What you have to do
Output, exactly as written, the lines below from the one that has "14K Yellow Gold" through the one that has "MELINDA MARIA, Evil"; nothing else, and no pictures.

Input

Start of Block

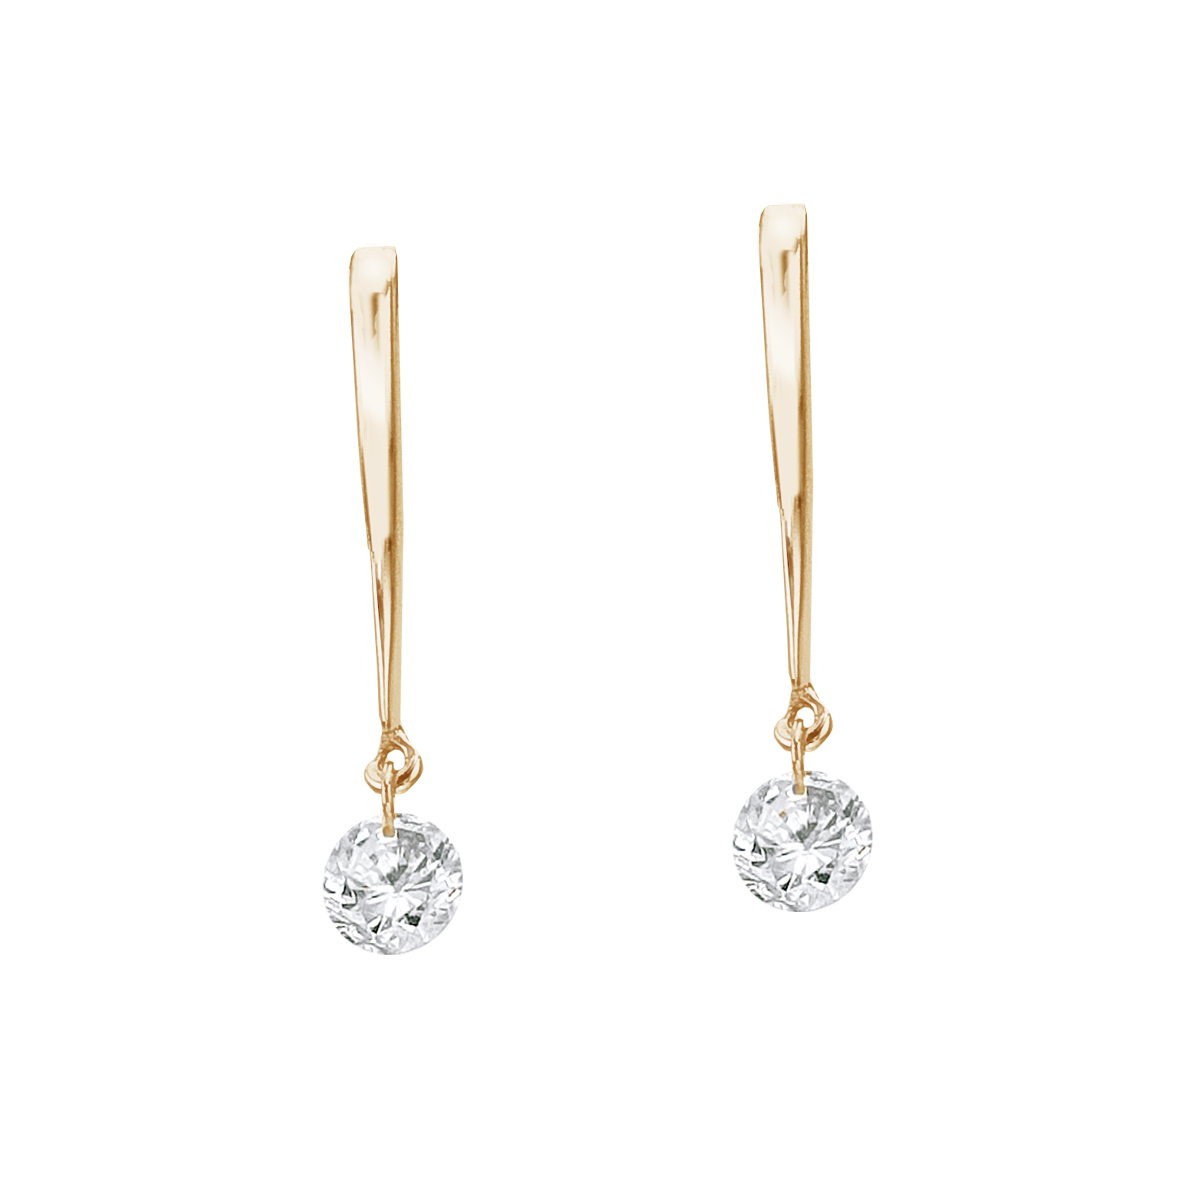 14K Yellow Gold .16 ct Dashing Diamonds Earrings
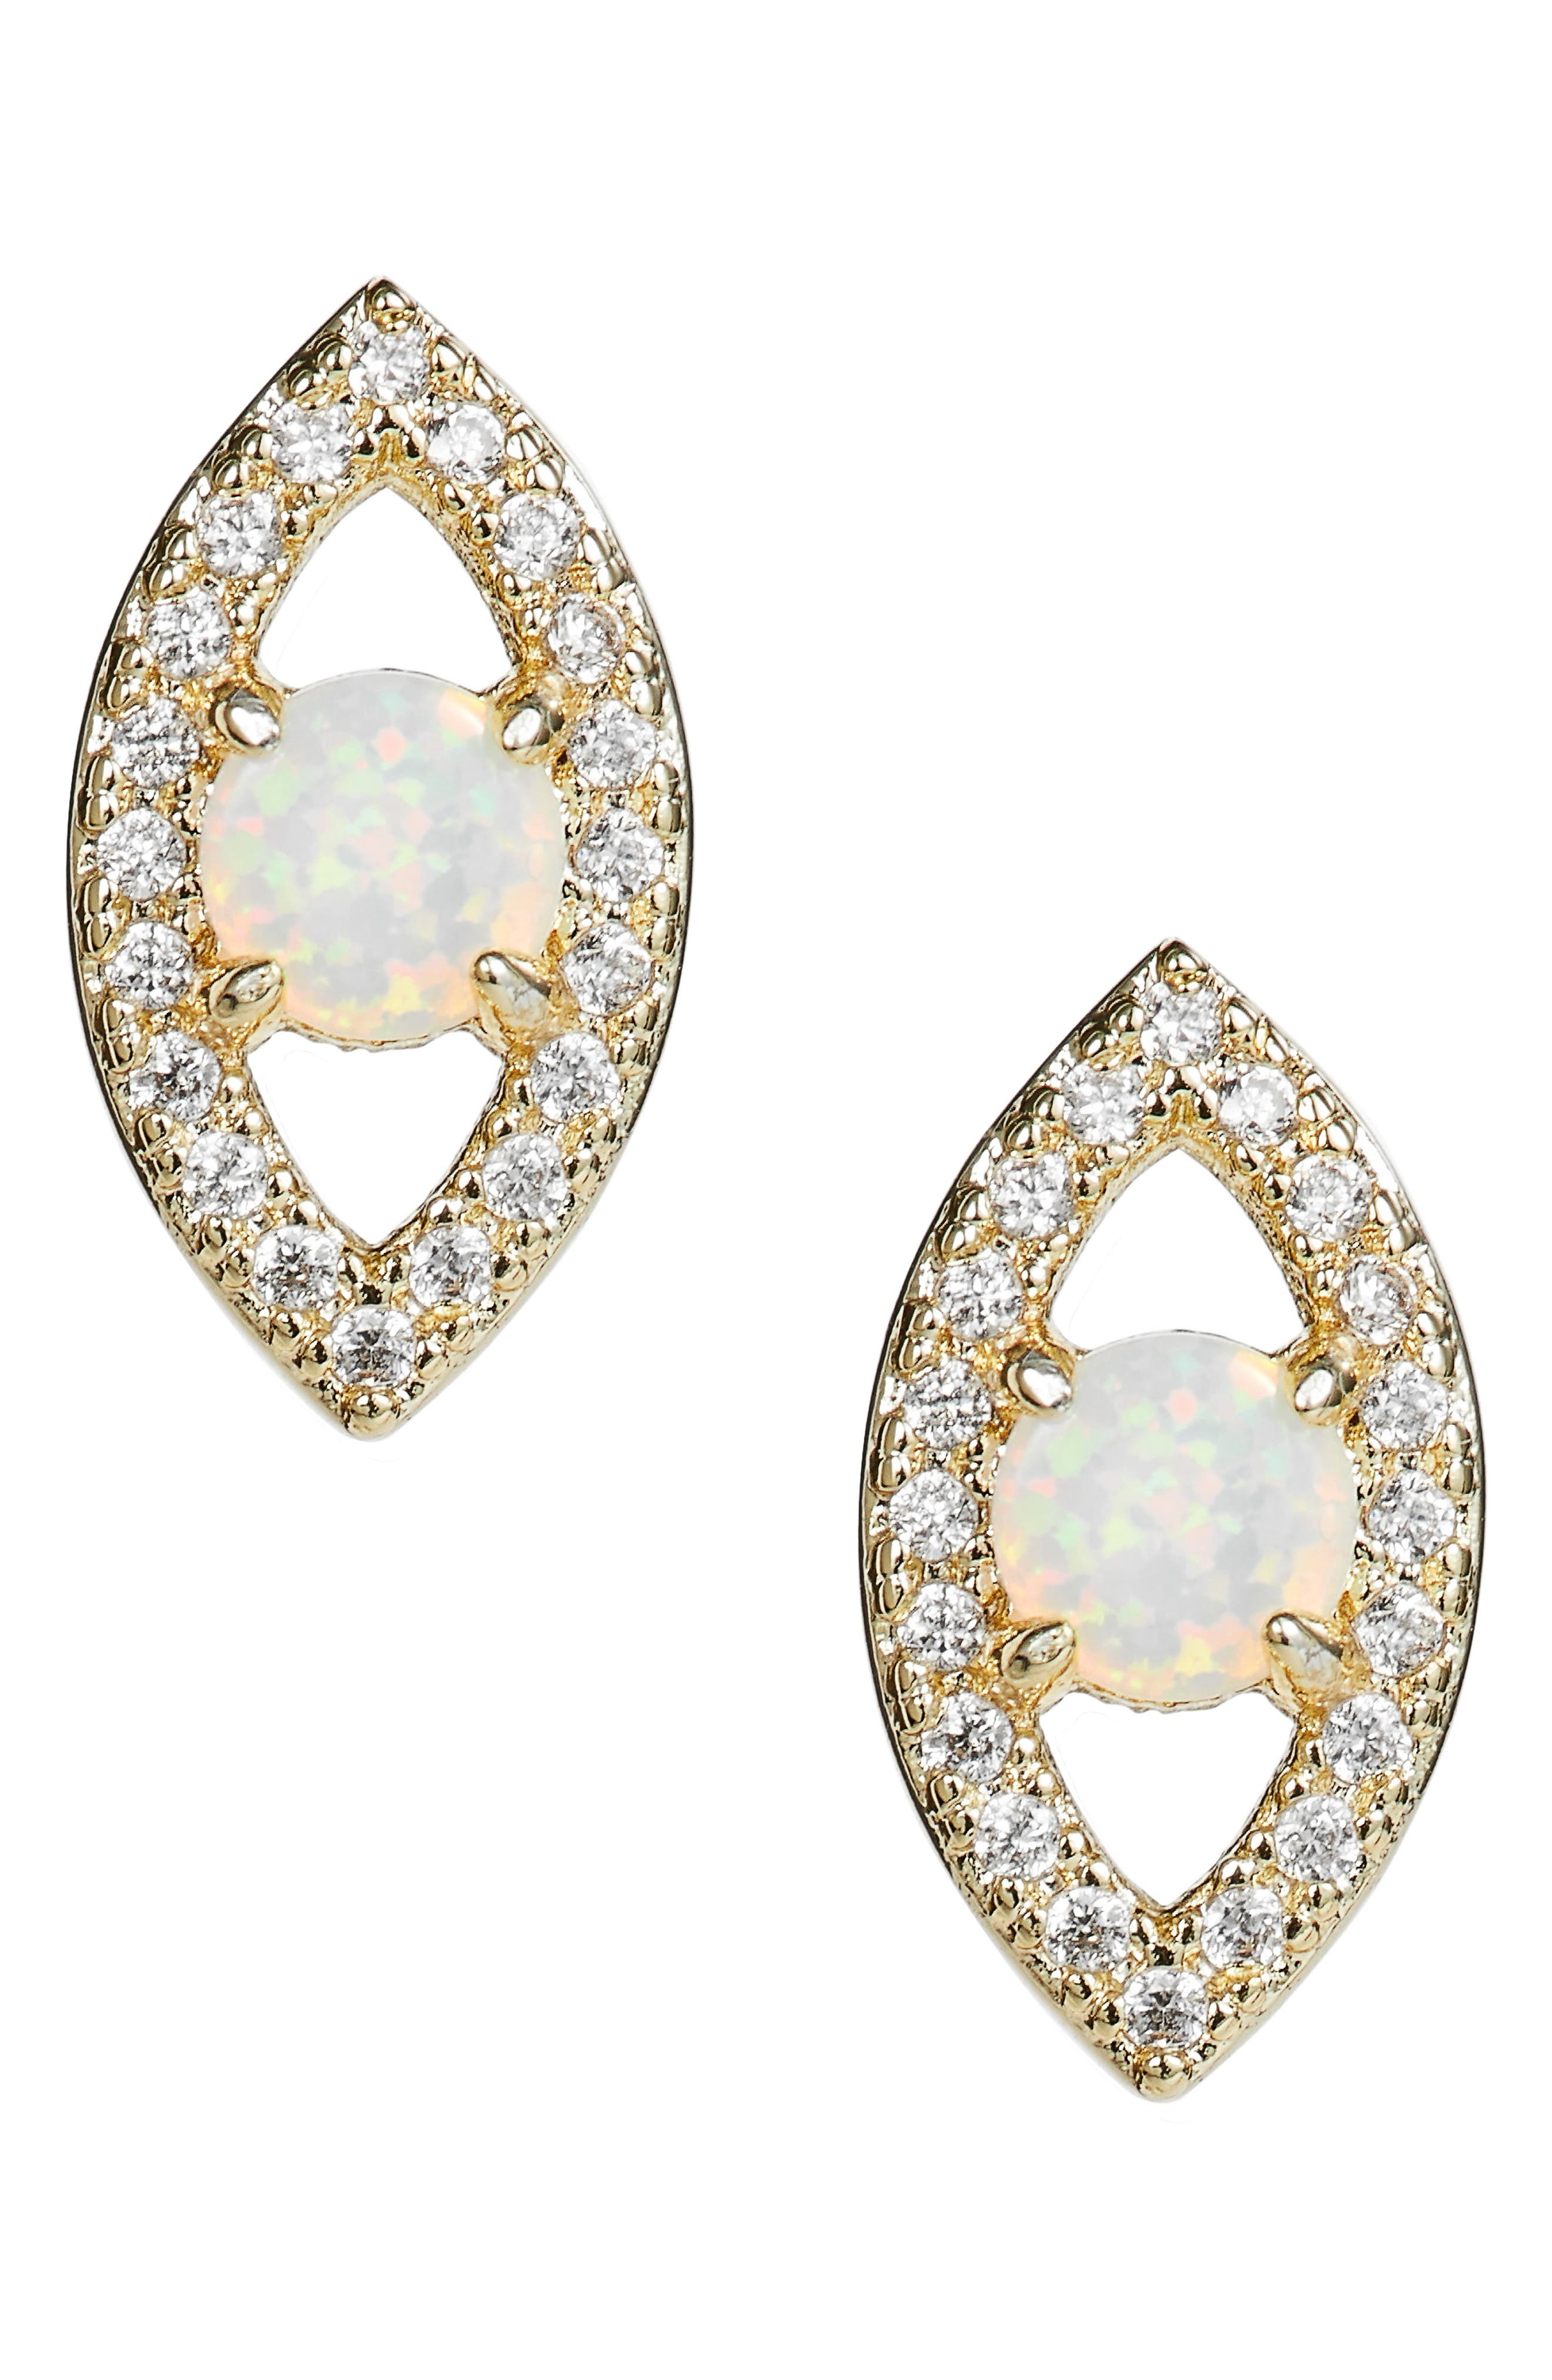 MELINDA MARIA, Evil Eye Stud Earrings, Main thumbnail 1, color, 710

End of Block
Start of Block

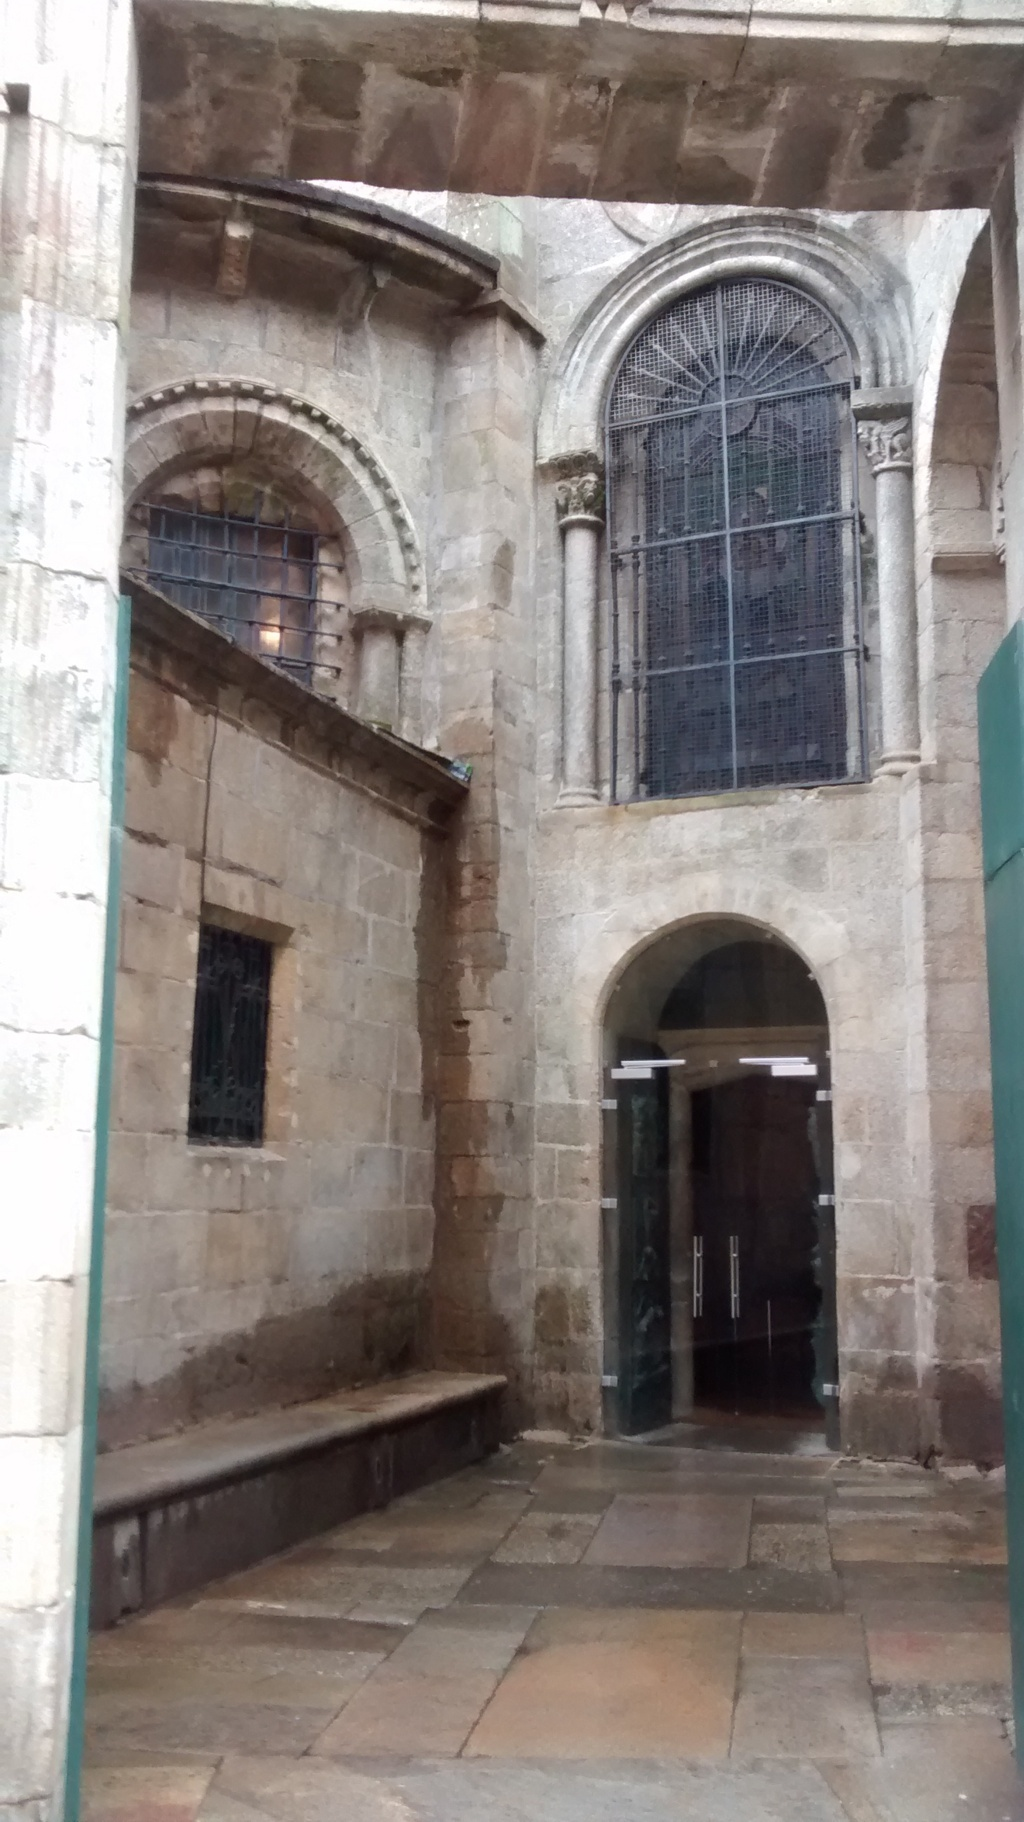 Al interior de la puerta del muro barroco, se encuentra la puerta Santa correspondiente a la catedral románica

End of Block
Start of Block

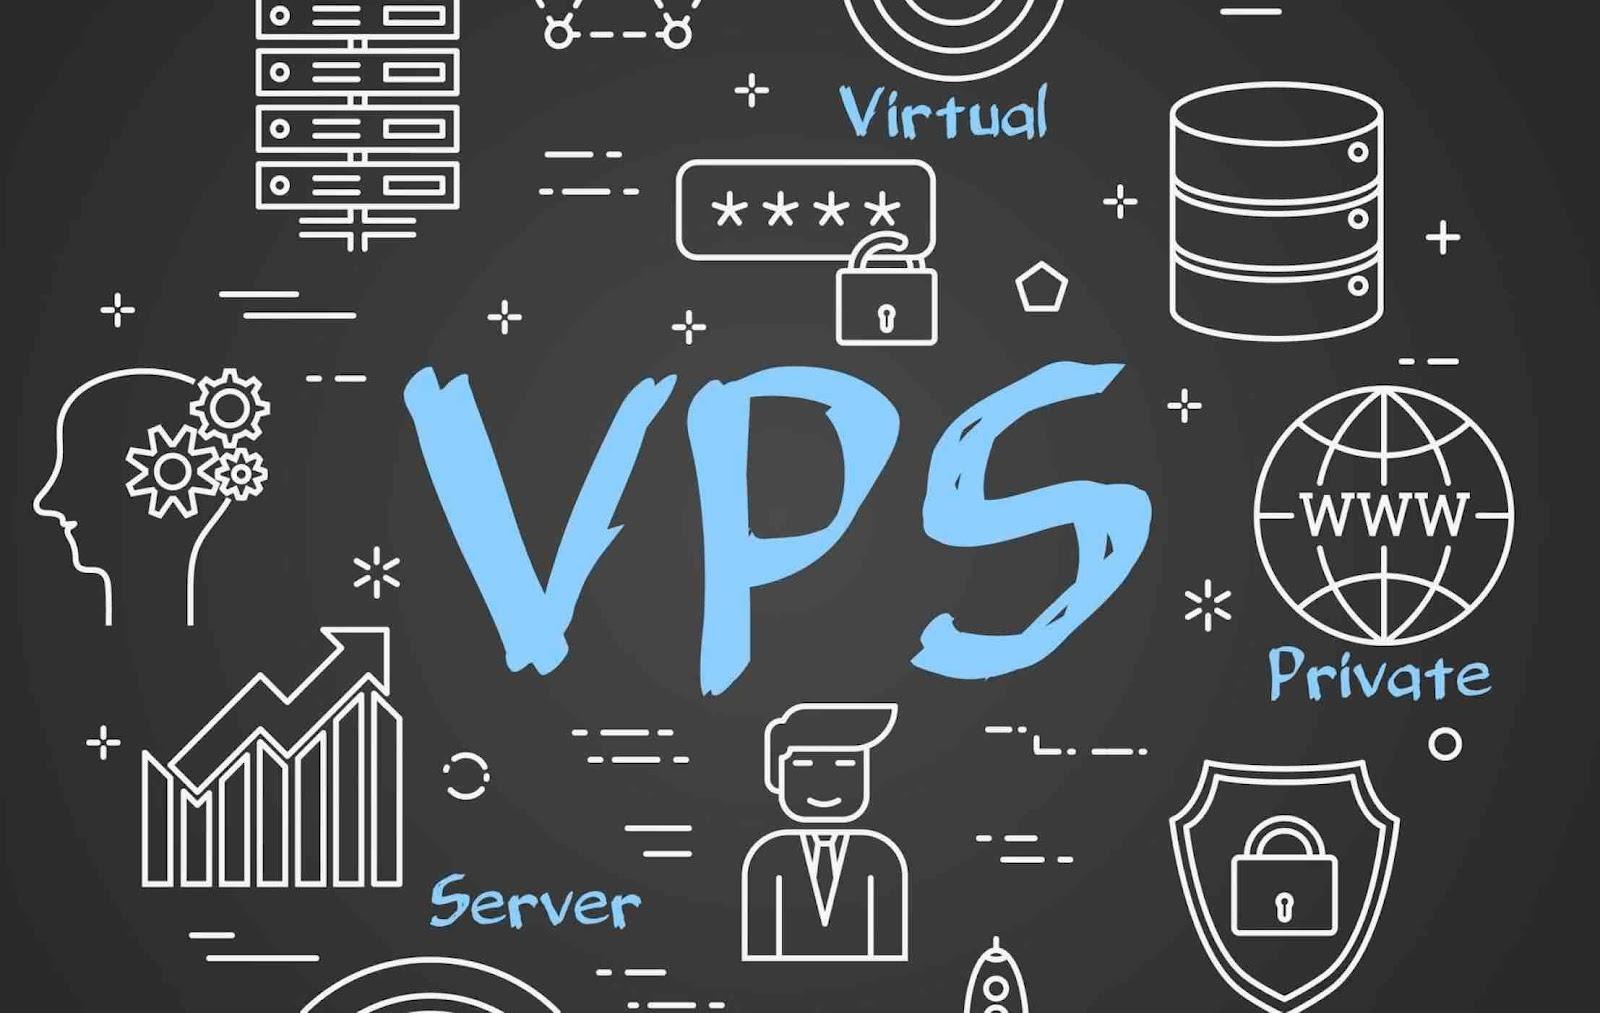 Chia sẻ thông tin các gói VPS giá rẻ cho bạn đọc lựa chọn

End of Block

Finished exercise
 14K Yellow Gold .16 ct Dashing Diamonds Earrings
 MELINDA MARIA, Evil Eye Stud Earrings, Main thumbnail 1, color, 710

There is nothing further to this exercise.